DATA LISTING Start Marker

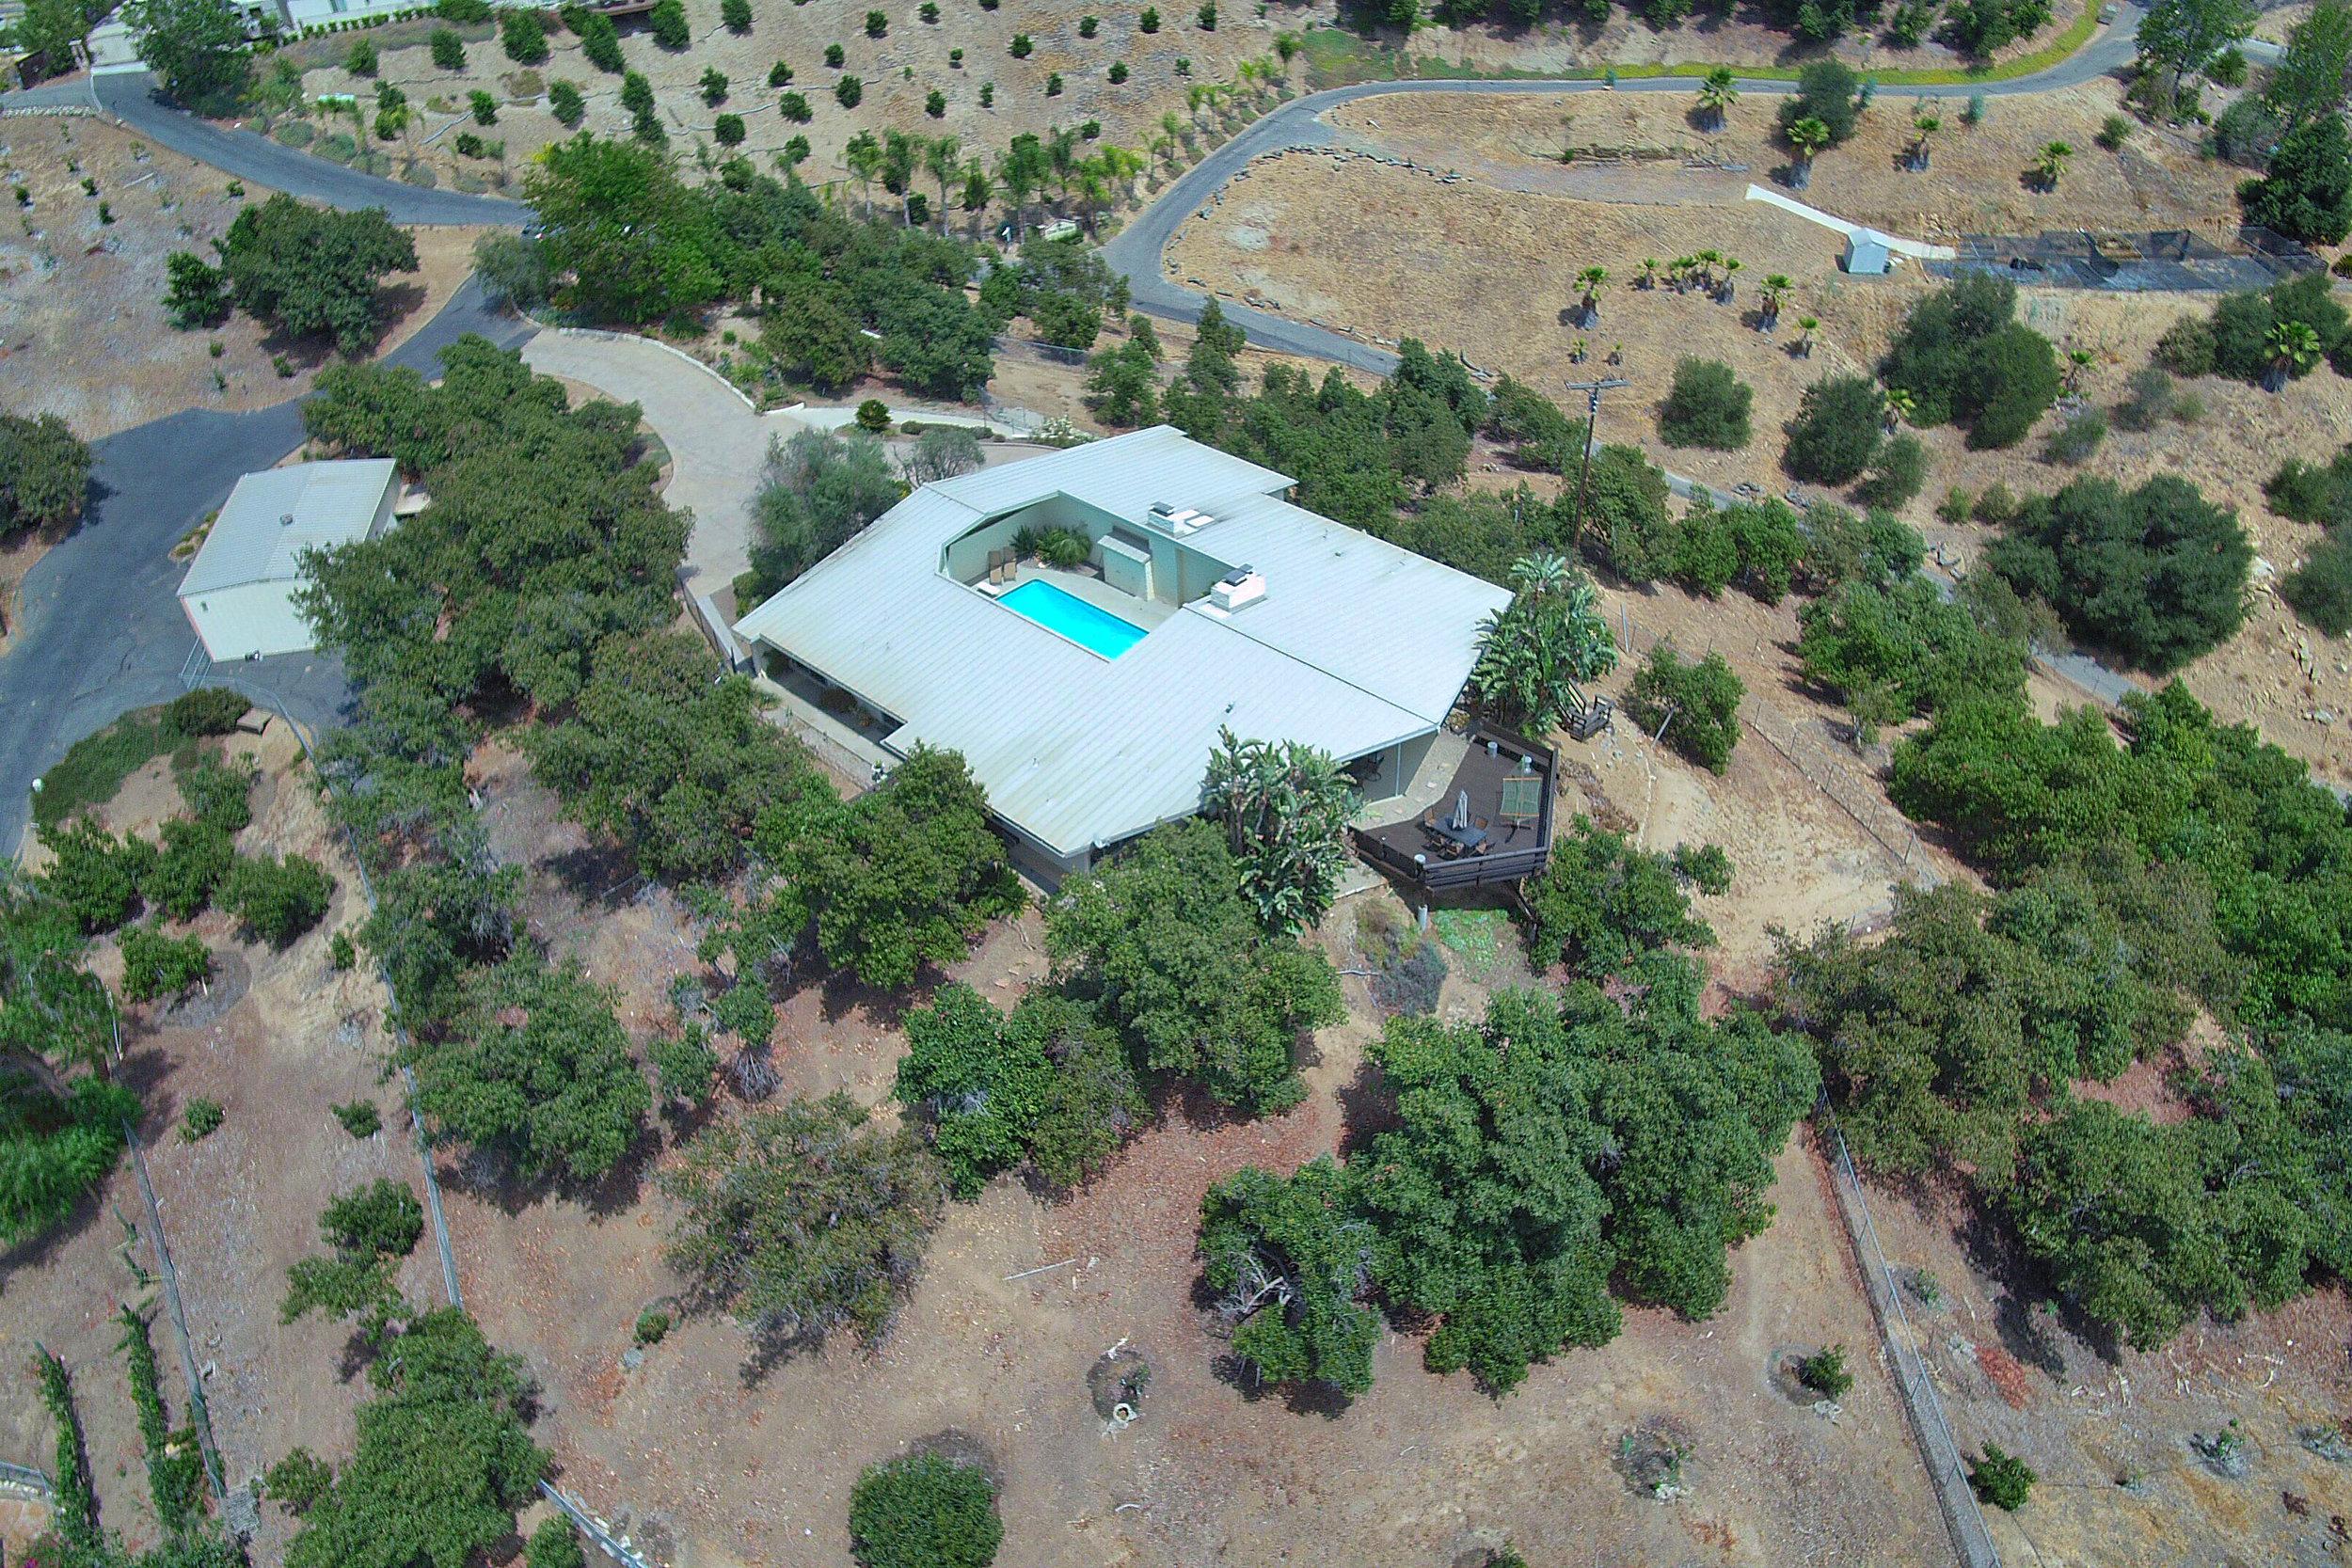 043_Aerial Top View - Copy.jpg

DATA LISTING End Marker
DATA LISTING Start Marker

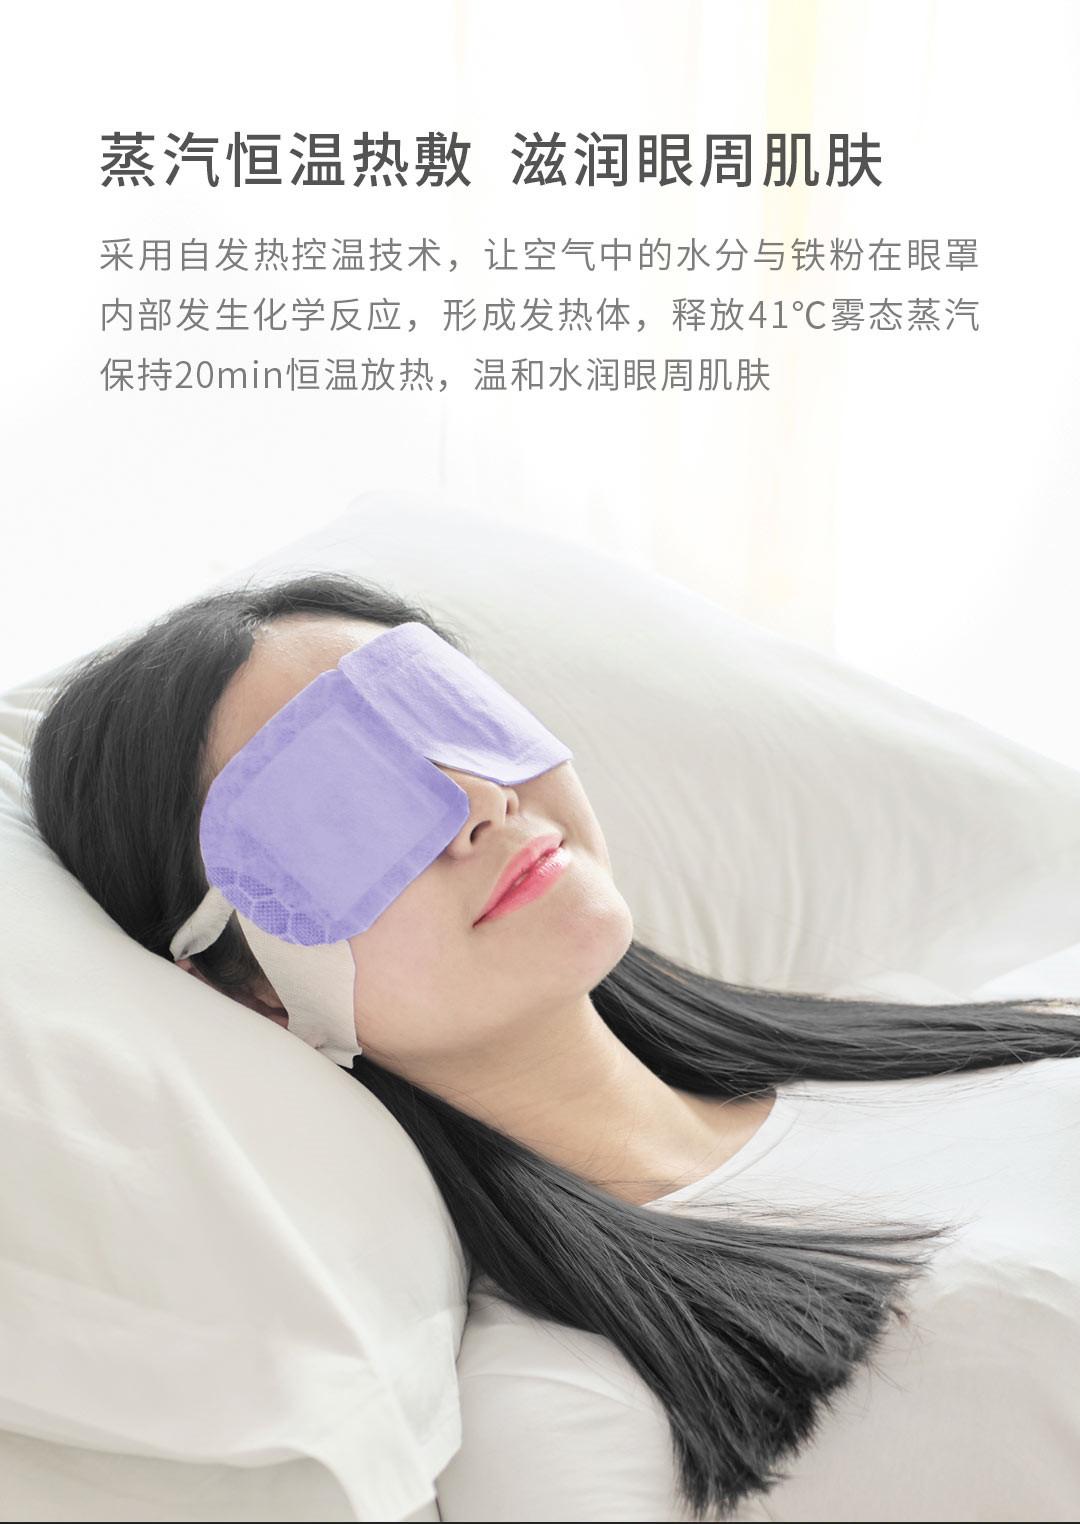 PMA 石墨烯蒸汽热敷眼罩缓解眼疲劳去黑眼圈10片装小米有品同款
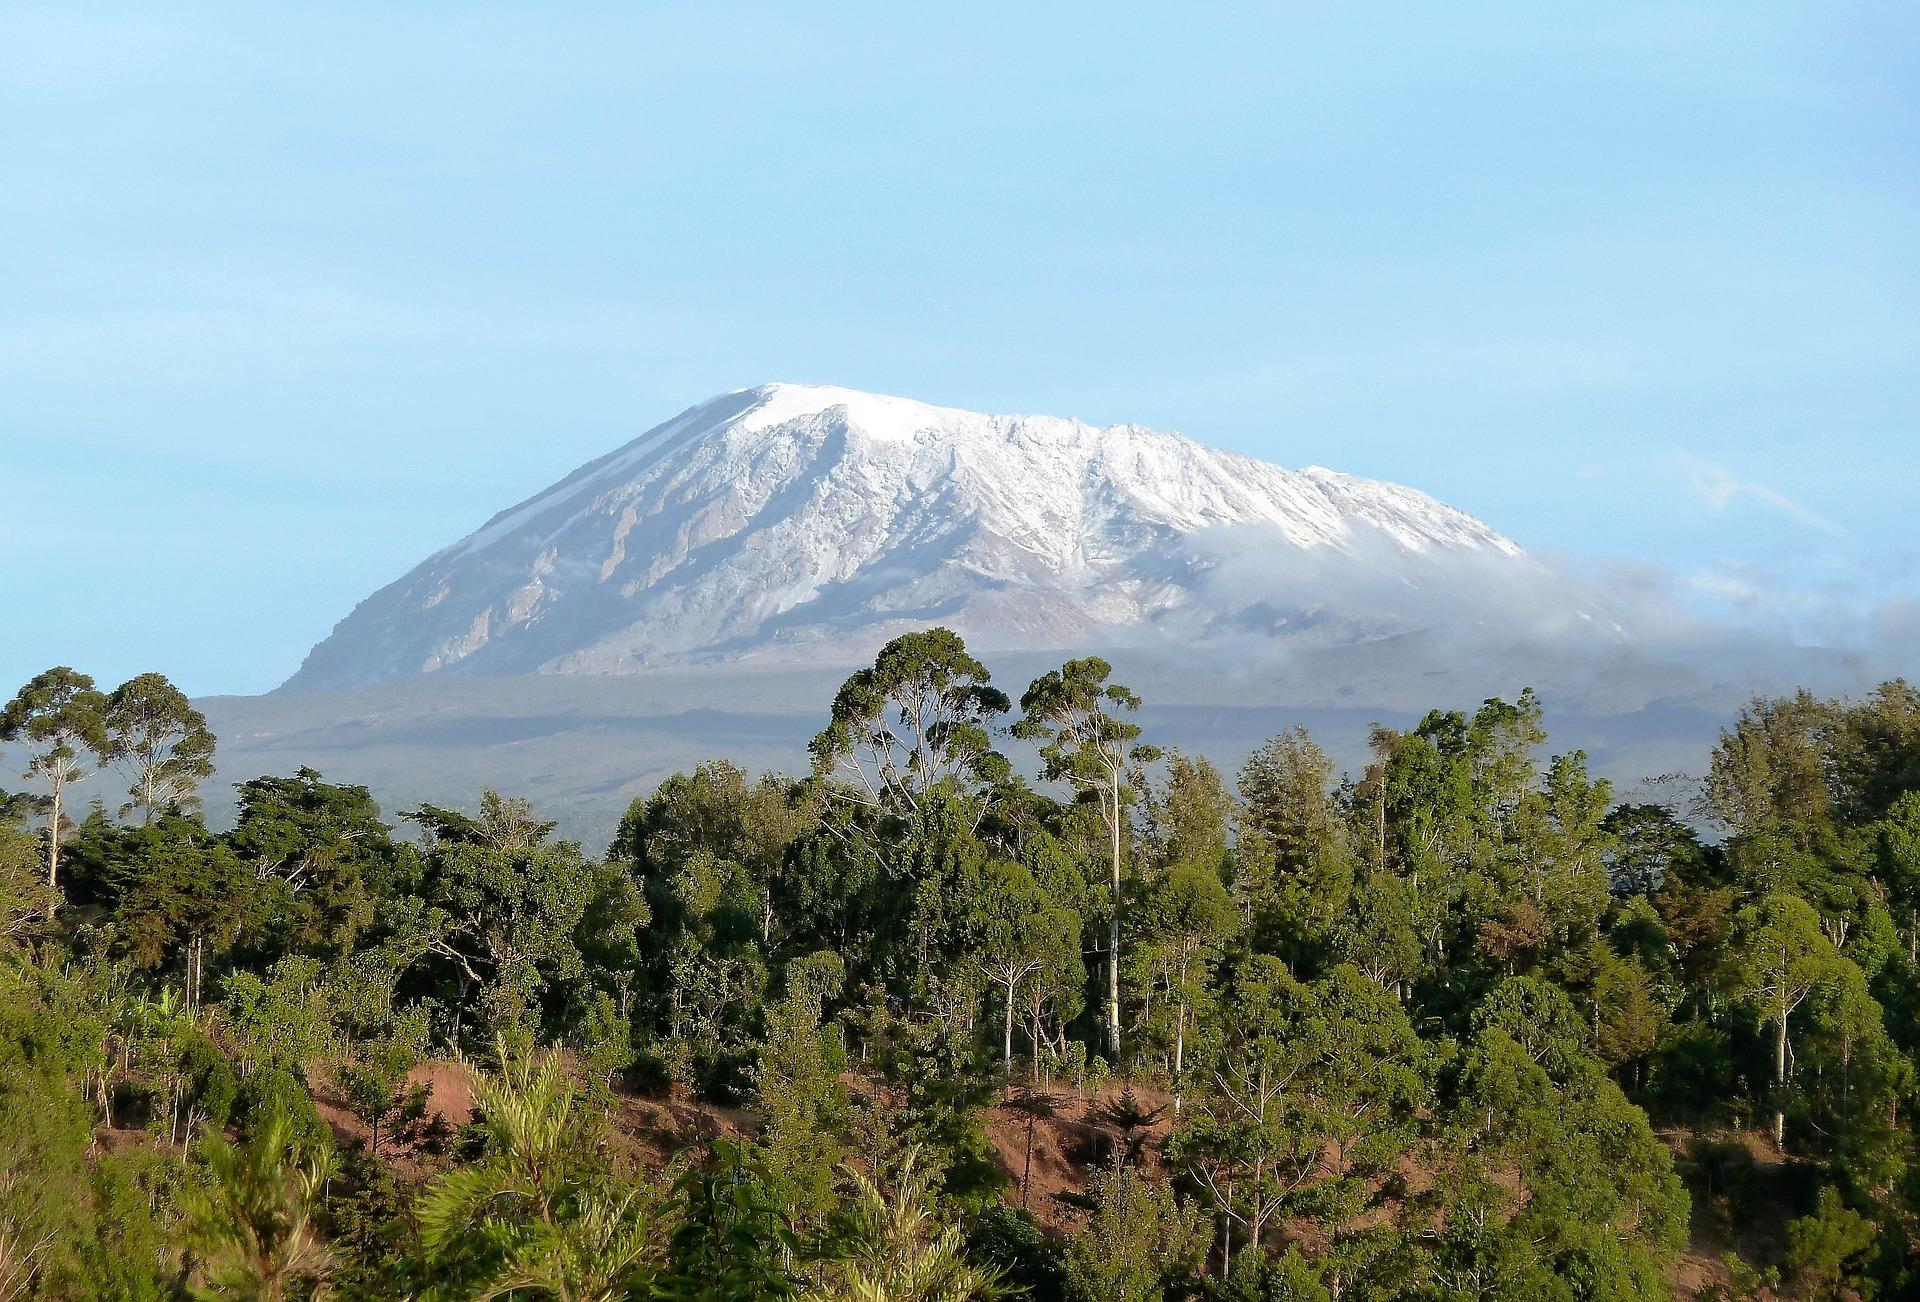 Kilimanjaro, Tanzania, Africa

DATA LISTING End Marker

→ **WHAT TO PRODUCE**: With pictures excluded, reproduce exactly the lines above from the one containing "PMA 石墨烯蒸汽热敷眼罩缓解眼疲劳去黑眼圈10片装小米有品同款" down to the one containing "Kilimanjaro, Tanzania, Africa", those two included.

→ **OUTPUT BELOW**:
 PMA 石墨烯蒸汽热敷眼罩缓解眼疲劳去黑眼圈10片装小米有品同款
 Kilimanjaro, Tanzania, Africa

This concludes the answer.